Wilted plants killing your listing’s curb appeal? Here’s a fun project that can help solve that problem at a very low cost.

Although some people seem to be born with a green thumb, growing plants generally comes down to water, sunlight, and soil nutrients. Fortunately, there is a solution to all-too-common watering problems: a water pump with an electric timer. Here’s how to do it yourself on the cheap.

What You’ll Need

Besides a thirsty plant, you’ll need:

  1. Soldering iron
  2. Drill
  3. Water pump with hoses
  4. Bucket
  5. Timing device
  6. Pumping station
  7. Something to hold the water station together (I chose two-by-four wood—two vertical supports 10 inches in length and two horizontal supports at 6½ inches.)

 

 

 

 

For the water pump with hoses, I chose the $29.95 RobotGeek Pumping Station and purchased an extra length of 3.5 mm silicon tubing in case I want to expand my watering operation past the capabilities of the standard kit. Although you could use a cheaper pump solution, this one is nice because it includes a relay, making it easy to control with a timer.

For the timer, I used a $9.99 Arduino-UNO clone called an IEIK UNO R3, along with a transparent case to give it some protection from the elements. Finally, I used a 9V, 1 amp power supply with a 5.5- by 2.1-mm connector to power the UNO. I split the battery between several plugs using a $9.95 DC Squid Cable from RobotGeek, which can power the pump as well.

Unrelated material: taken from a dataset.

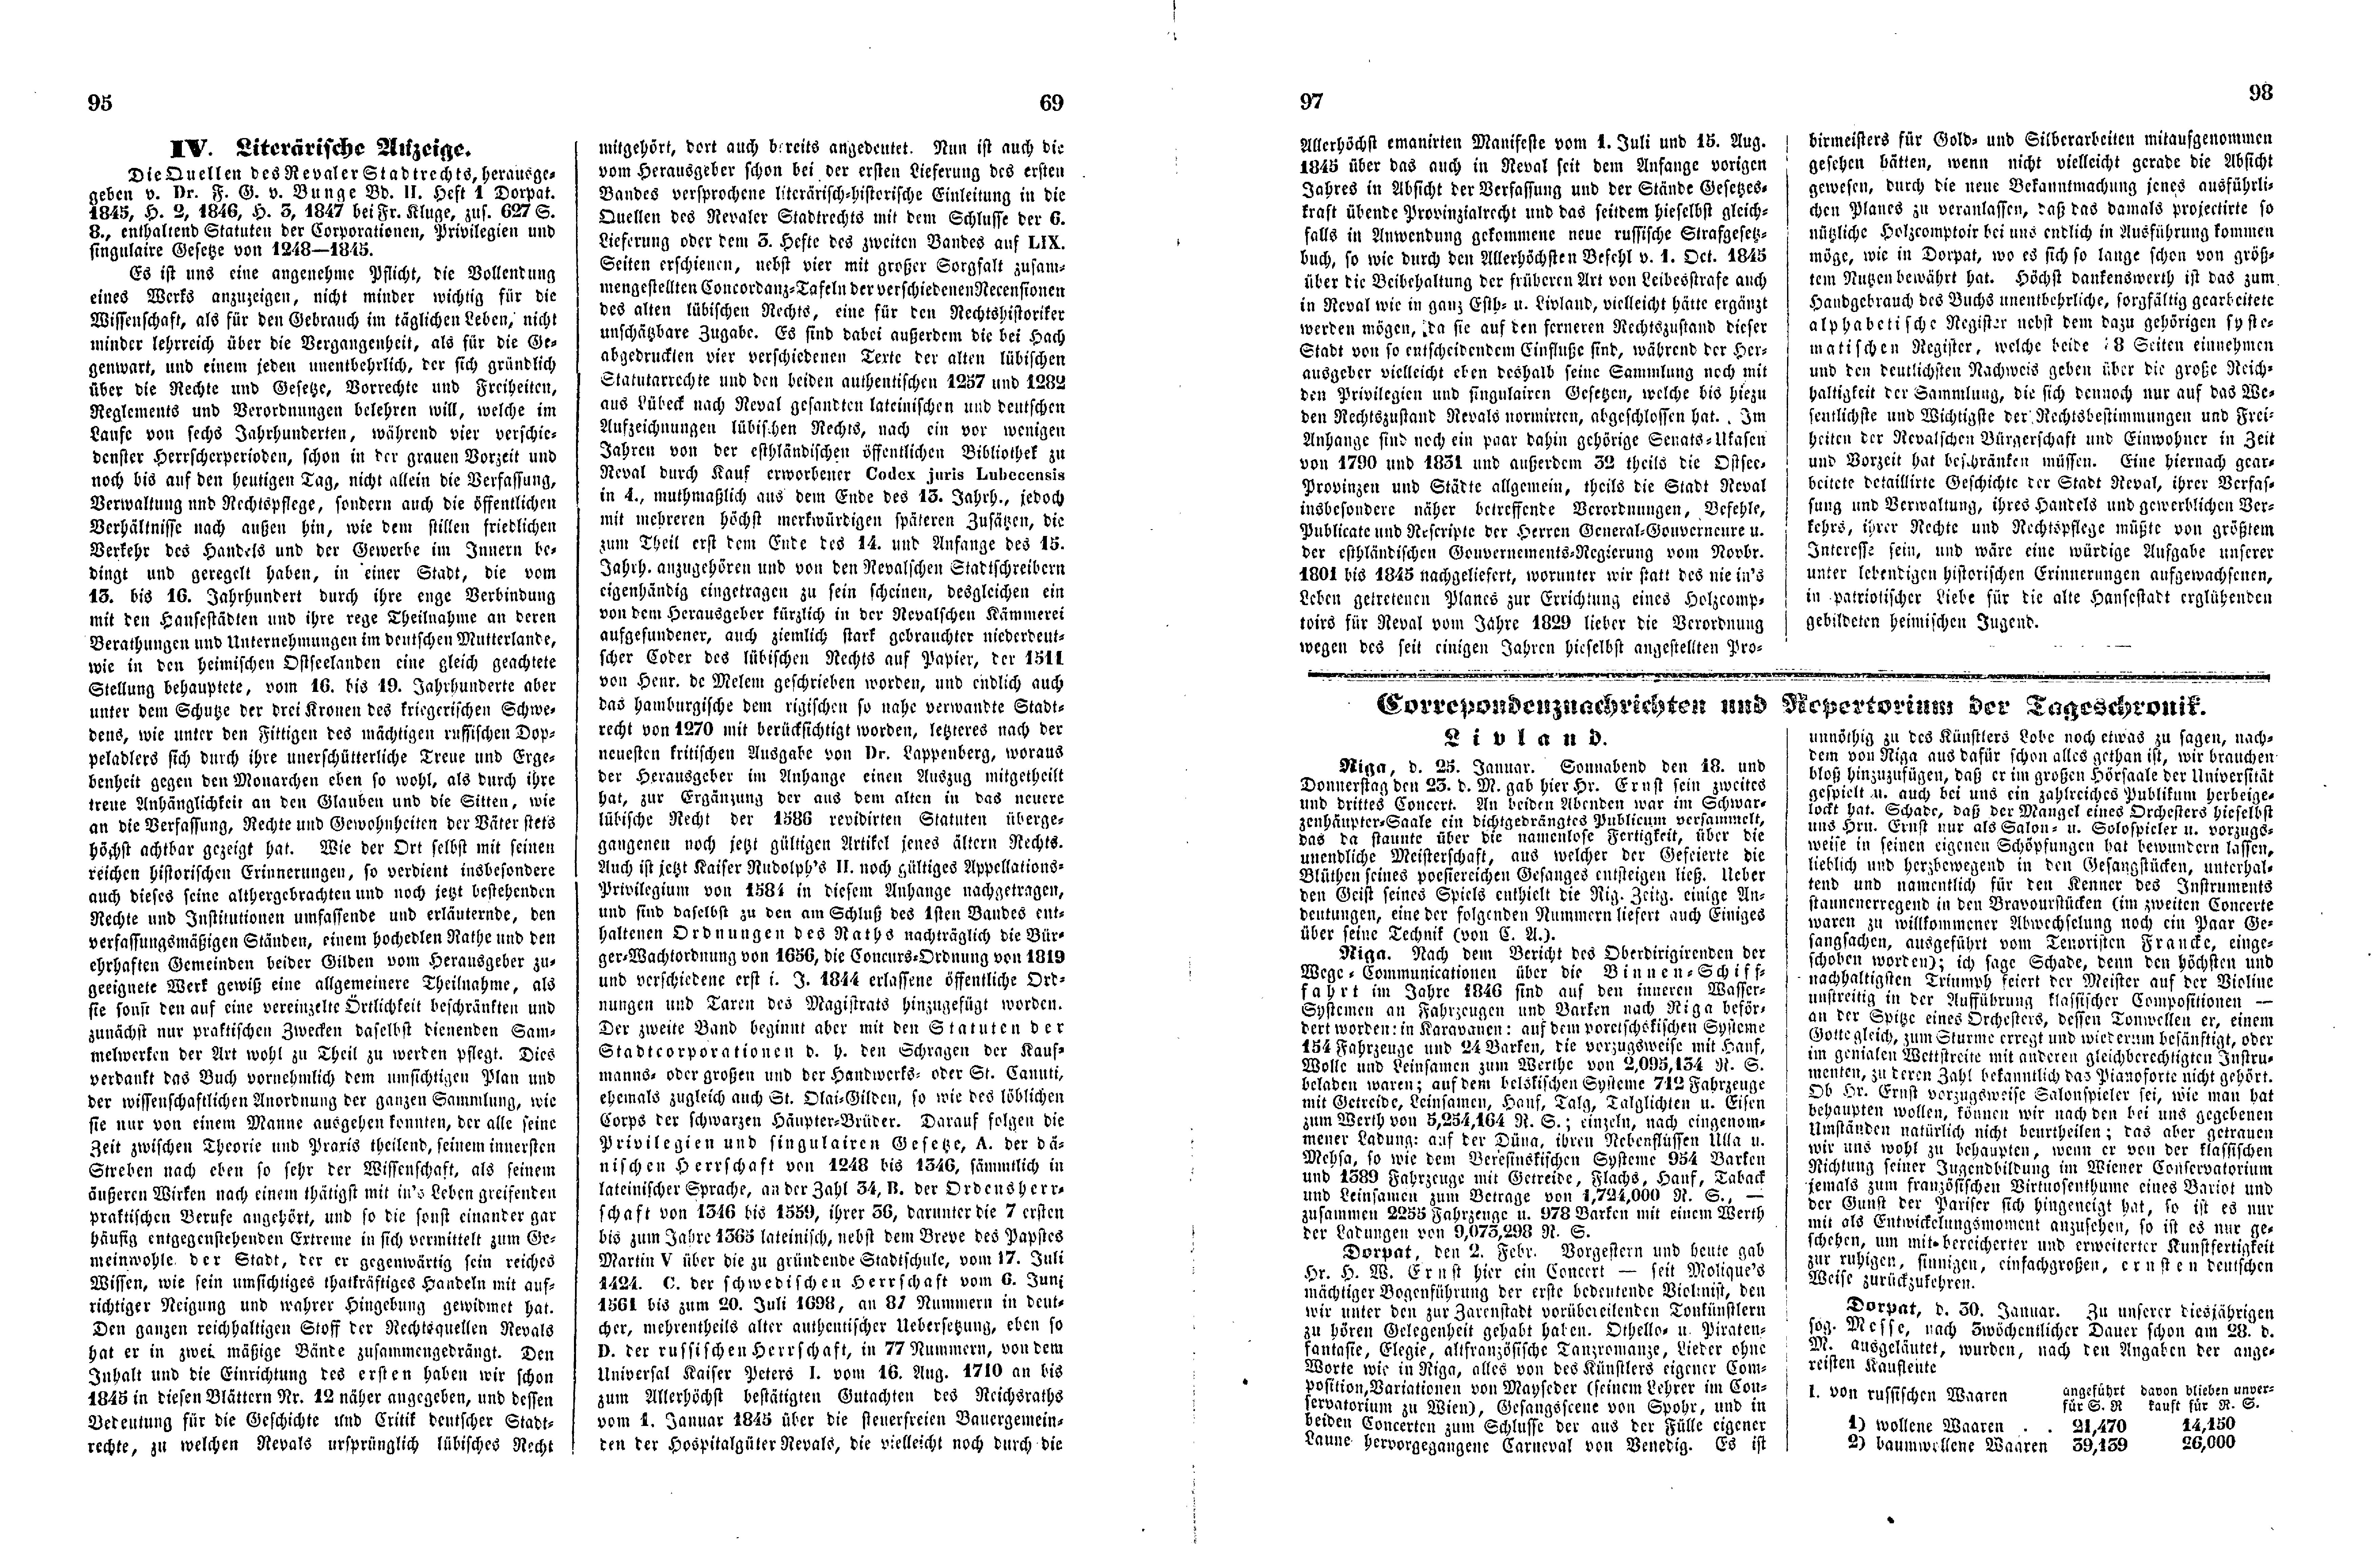 Das Inland [12] (1847) | 29. (95-98) Haupttext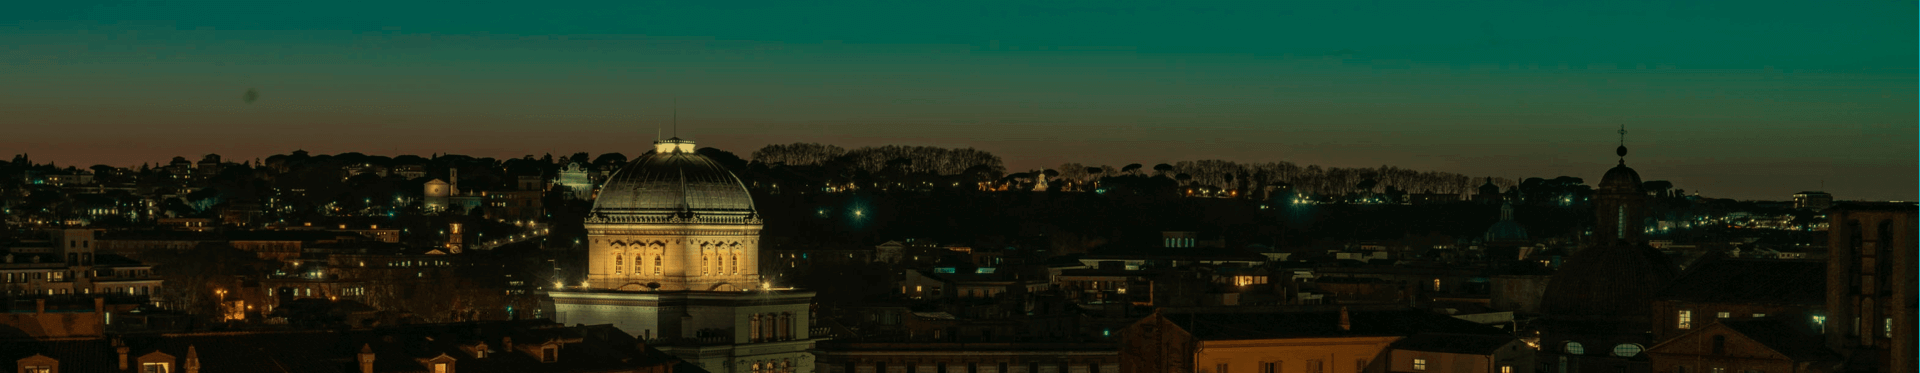 Le luci al LED di Acea per l'illuminazione della Sinagoga di Roma

Finally, you’ll need something to hold your pumping assembly together. I used several sections of two-by-four wood for my build, as shown in the “Final Setup” section. If you’re looking for something a little simpler, you can cut a hole in a small bucket and set the electronics on top.

Assemble the Pump

RobotGeek provides simple instructions for assembling their pump unit and, in theory, everything should twist together with the included wire nuts and screw terminals. Being ever cautious, I wrapped the wire nuts with electrical tape to keep them secure. I also applied solder to, or “tinned,” some of the leads that went into the screw terminals so that I could insert them more easily.

Once you’ve assembled the pumping station, plug in your power supply and press the red button. You should hear the pump functioning. To further test your unit, plug in a length of 3.5 mm tubing to the input (top) and output (bottom) nozzle, place the input hose in a water reservoir and push the red button again. A burst of water should shoot out of the output hose, so make sure it’s not pointed at your electronics!

Timing

Although pressing a button might make watering your plants easier, automating everything is the goal. The Arduino-compatible board is more than up to this task.

To hook up the motor relay, you’ll first want to unplug all the cables. Then, cut the included three-pin connector wire about an inch from one of the connectors, and cut one of the cluster of six squid cable wires close to the connector. Strip the exposed cables. Plug in the 9V power supply to the squid cable, and verify that the black internal wire is the ground and the white wire is positive voltage.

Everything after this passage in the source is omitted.